A fraudster has been discovered responsible of conning a council out of £710,000 by claiming Covid reduction for chains of Greggs bakeries he didn’t personal.
Aftab Baig, of Paisley Street West in Glasgow, pretended to work on the common excessive avenue bakery to make fraudulent grant claims in opposition to 32 branches – regardless of having no hyperlinks to the enterprise in any respect.
The 47-year-old claimed reduction from the small enterprise grant fund, designed to maintain small companies afloat in the course of the Covid lockdown, to be paid into his enterprise account for his personal catering enterprise.
Baig contacted Leeds Metropolis Council in Might 2020 pretending to be a property supervisor at Greggs head workplace asking for enterprise charges numbers for Leeds branches – particulars which he claimed he couldn’t entry himself attributable to lockdown – so he may apply for the fund.
When the council realised the claims had been fraudulent they froze his account and Baig was arrested in Glasgow two months later.

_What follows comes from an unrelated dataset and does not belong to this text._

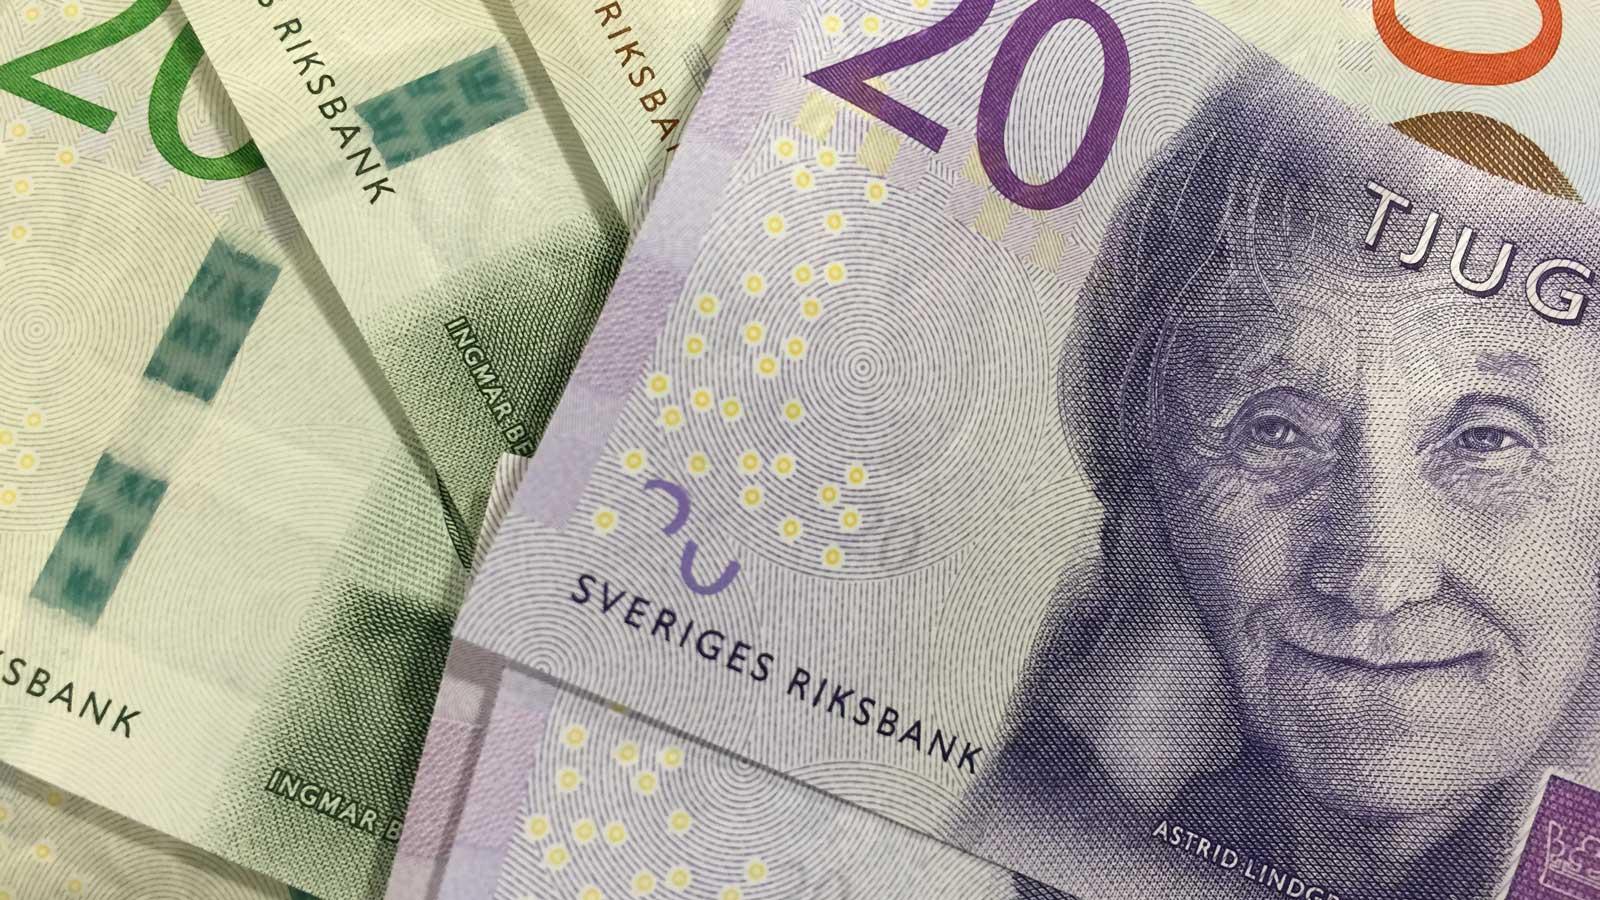 Pengar med Astrid Lindgren på. Foto: Lisbeth Svensson

Whereas many of the cash was later returned to the council, greater than £90,000 was left excellent.
National Crime Agency officers discovered £16,000 in money at his home alongside cast remittance slips which officers believed he was planning to make use of to try to persuade the financial institution to return the frozen cash.
Baig was discovered responsible of three counts of fraud on 12 February following a trial at Leeds Crown Courtroom.
After the conviction, Kelly Ward from the Crown Prosecution Service stated: “Baig took benefit of the tough circumstances of the pandemic in 2020 to defraud the council out of taxpayers cash.
“Those that cheat the general public purse are stealing funds which ought to rightly go in the direction of companies and the group, or on this case in the direction of supporting small companies by a particularly difficult time.
“We can be beginning proceedings to get well any belongings ensuing from this criminality.”